Lecture #1 - Mathematical Preliminaries Flashcards
What is optimisation?
Optimisation is the task of minimising or maximising some function f(x) by altering the input vector x
What is gradient descent?
A first-order iterative optimisation algorithm for finding a local minimum of a differential function.
What we usually only consider?
The minimum of a function
How do you get the max of a function, f(x)
Flip the function and find the minimum
What does gradient descent allow?
Allows to find a critical point of a function
What does it mean when the gradient descent will oscillate and when does it?
When gradient descent oscillates, it means that instead of converging smoothly to the minimum of the loss function, the updates to the model parameters keep fluctuating back and forth.
This oscillatory behavior can lead to slow convergence or prevent the algorithm from converging altogether.
Name the three critical points of minimisation.
- Minimum
- No convergence
- Saddle point; 1st and 2nd derivative = 0, will not converge to min.
Explain briefly the concept of the local and global minimum
- The point/range within a function, where it has the lowest value; Many local minima’s
- The actual minimum within the entire function.
What is the gradient of a function?
The gradient of a function is a vector that contains the partial derivatives of the function with respect to each of its input variables.
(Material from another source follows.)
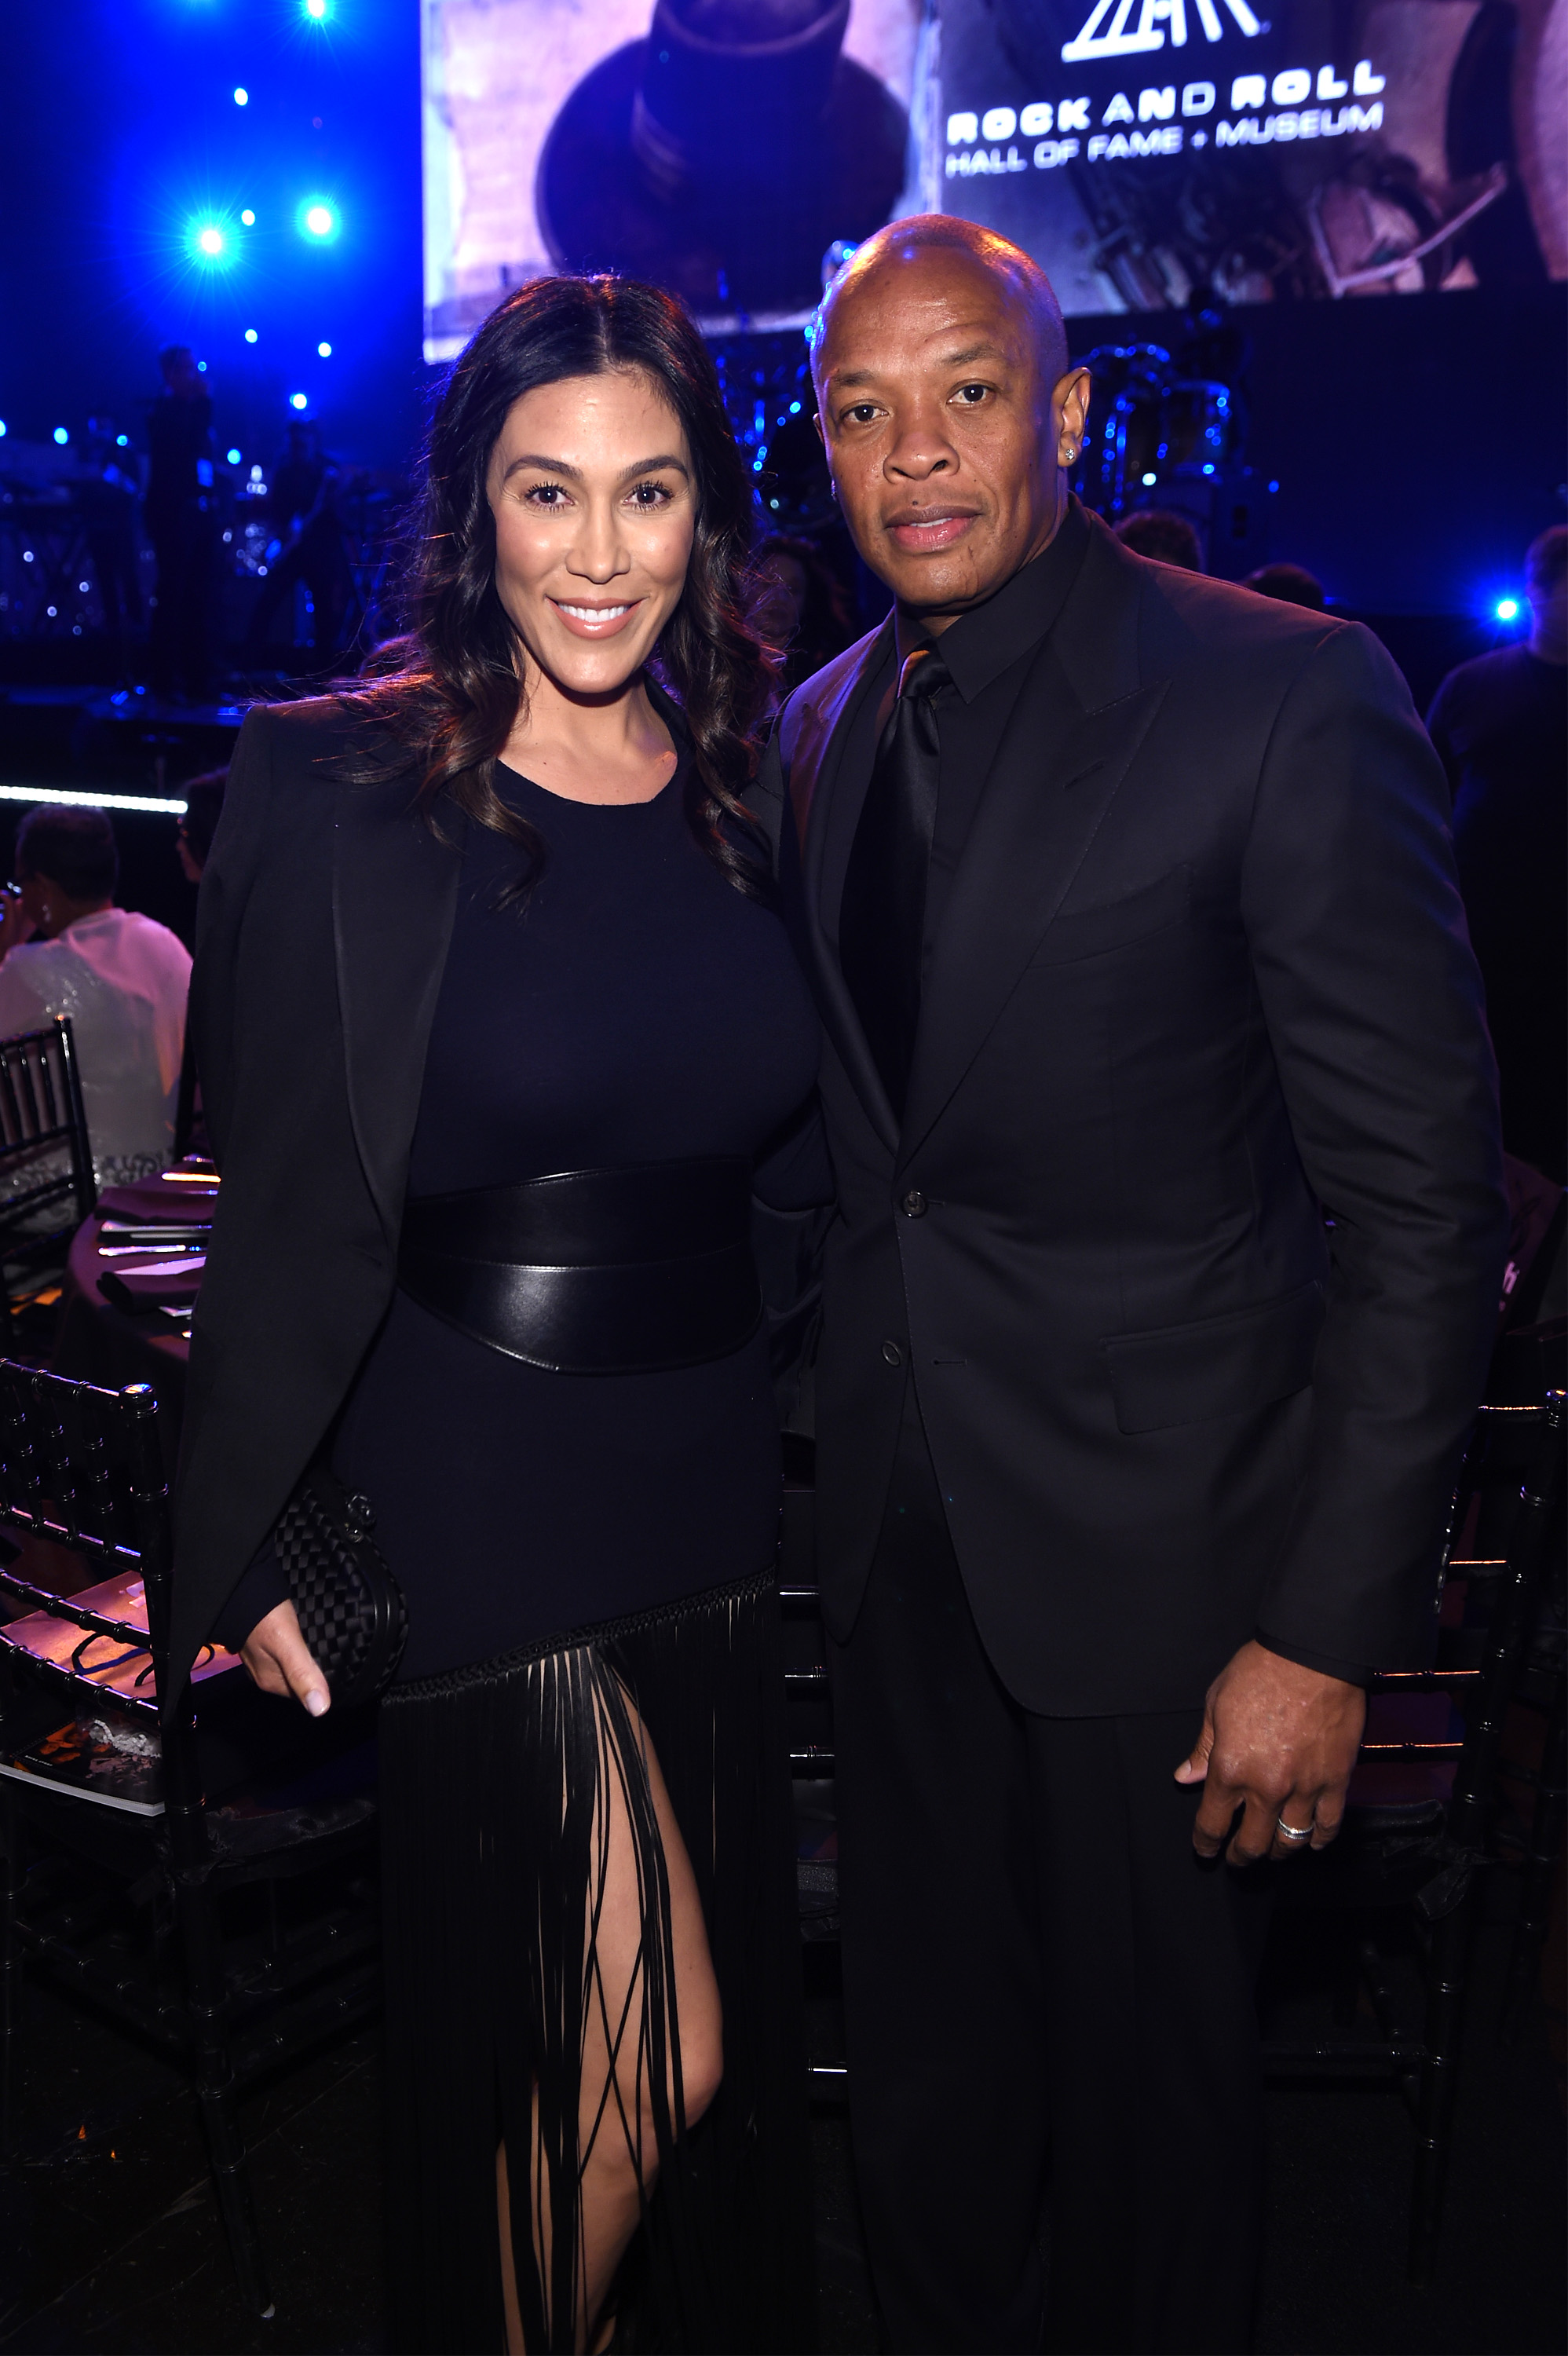 Nicole Threatt and Dr. Dre attend the 31st Annual Rock And Roll Hall Of Fame Induction Ceremony at Barclays Center of Brooklyn on April 8, 2016, in New York City. | Source: Getty Images

It represents the direction and magnitude of the steepest ascent or descent of the function at a specific point.
What’s the directional derivative.
A directional derivative is a measure of how a function changes along a particular direction in its input space. It quantifies the rate of change of the function with respect to a specified direction vector.
What does the derivative tell us?
The derivative tells us how to change x in order to make a small improvement in y
What’s the difference between a Jacobian and a Hessian Matrix
The Jacobian matrix represents the first-order partial derivatives of a vector-valued function, while the Hessian matrix represents the second-order partial derivatives of a scalar-valued function.
The Jacobian provides information about the local linear behavior and sensitivity of a function, while the Hessian provides information about the local curvature and optimization properties of a function.
Discuss the critical points and the Hessian.
The function f(x) , at a point where ∇f(x)=0 has
- Local minimum if the Hessian is positive definitive (all eigenvalues positive)
- A local maximum if the Hessian is negative definite (all eigenvalues negative)
- A saddle point if the Hessian is indefinite (there exist positive and negative eigenvalues)
Define Newton’s method and describe its pros and cons.
Newton’s method, also known as Newton-Raphson method, is an iterative optimization algorithm used to find the roots of a differentiable function or to find the minimum or maximum of a function. It is particularly useful when the function is non-linear and has complex behavior.
Newton’s method is powerful because it can converge quickly and achieve quadratic convergence near the solution when the initial guess is sufficiently close to the actual root or optimum. However, it has some limitations. The method may fail to converge if the initial guess is far from the solution or if the function has complex behavior, such as multiple roots or oscillations. Additionally, Newton’s method requires the computation of the derivative of the function, which can be computationally expensive for complex functions.